It should be noted that in addition to the tradeoffs among competing objectives for food safety sampling under a budget constraint, there also may be nonbudgetary constraints that apply. For example, the optimal number of samples per lot indicated by the model may exceed the sample size required to achieve an importing country's appropriate level of protection for food safety. In this case, adopting the optimal sample size would be inconsistent with the legal obligations under the World Trade Organization Sanitary and Phytosanitary Agreement.[12] Cannon[13] cautions that for inspection under a budget restriction, the optimum is a guide, not the master.
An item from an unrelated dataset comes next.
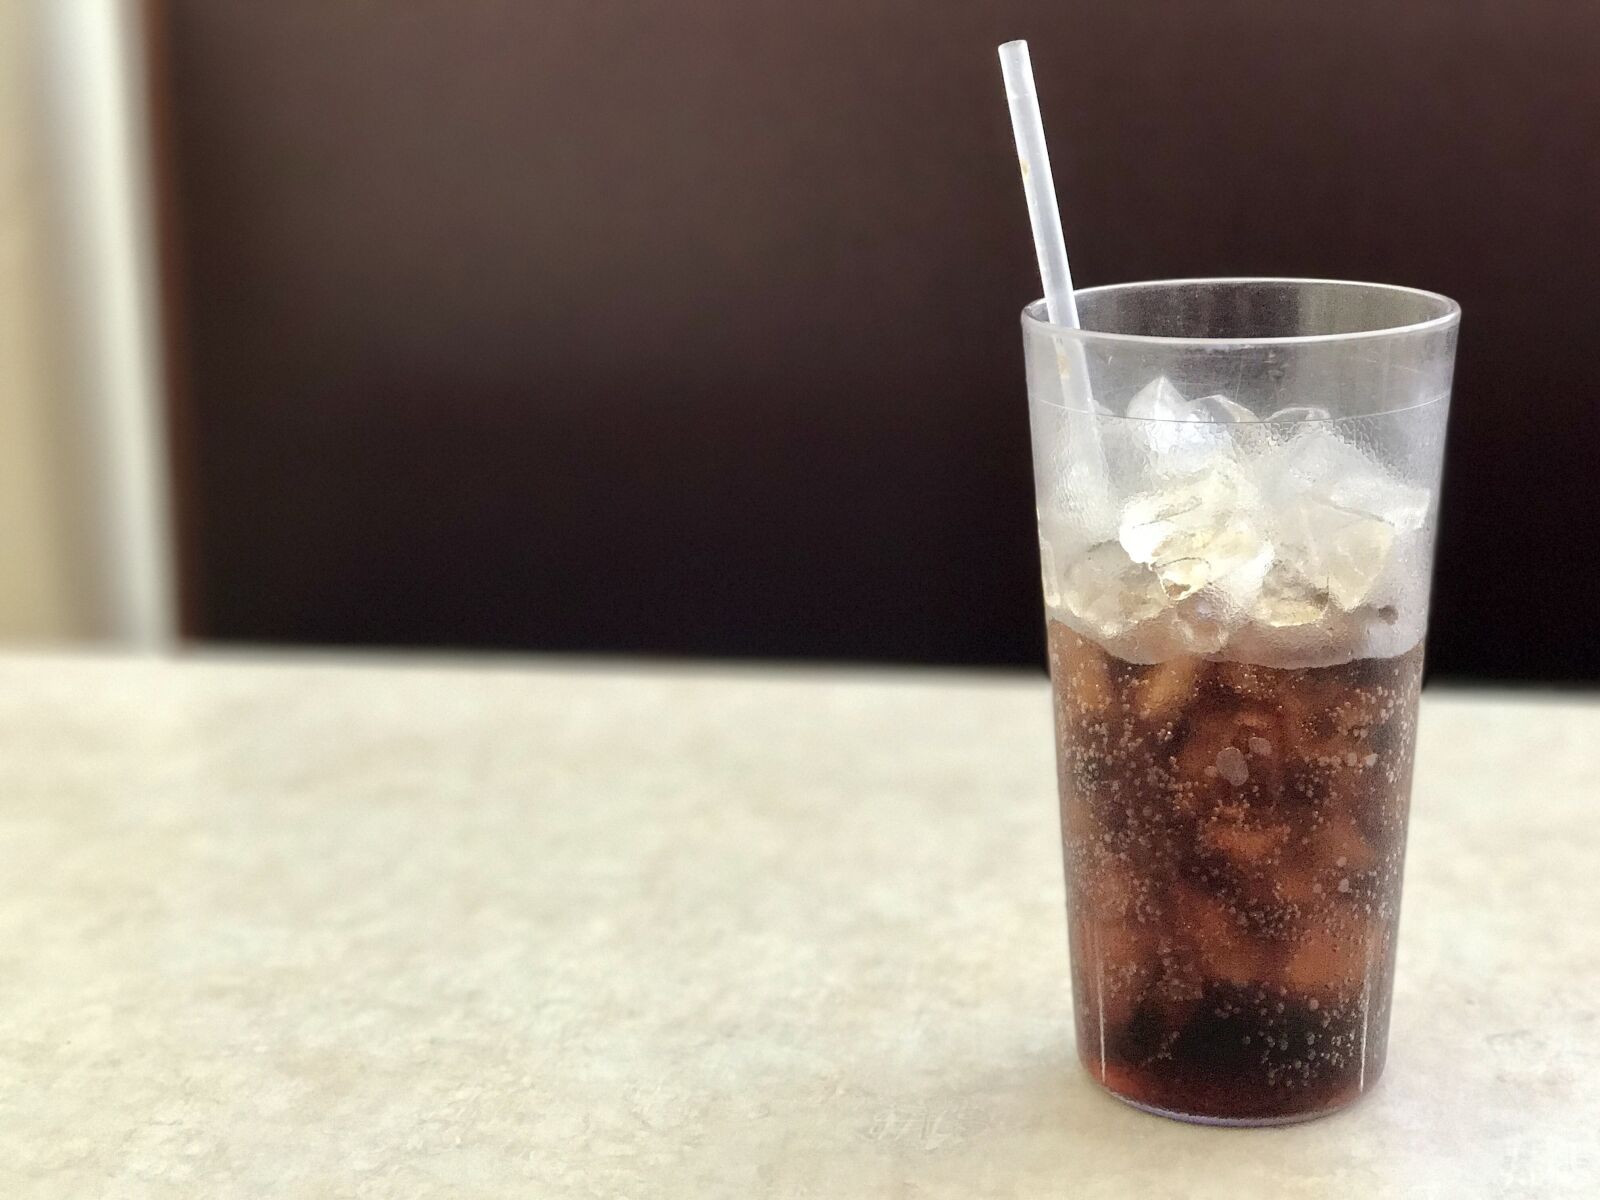 Apple iPhone 7 Plus sample photo. Soda, glass, cold photography

In the food safety domain, sampling plans with a few samples per lot are commonly criticized for their lack of statistical rigor. Over 25 years ago, the National Research Council[14] expressed the still-conventional view that in order to be based on “sound statistical concepts,” food safety sampling plans need to “achieve a high degree of confidence in the acceptability of a lot.” As demonstrated here, however, sampling plans with a few samples per lot may represent a rational allocation of limited resources. It is worth noting, for example, that for *p* = 10^{−4} and *n* ≈ 200 (the optimal number of samples per lot under a budget constraint calculated for *C*_{l}/*C*_{n} = 2), the probability of lot rejection is just 2%. Considering economics in sampling and inspection is not novel. The economic design of statistical quality control measures has been a focus of research since the 1950s.[5] The economics of environmental pollution monitoring and regulatory compliance assurance was a particular research emphasis in the 1980s and 1990s.[15] In statistics, the tradeoffs between the number and size of clusters (such as food lots) have long been appreciated in the fields of experimental and survey design.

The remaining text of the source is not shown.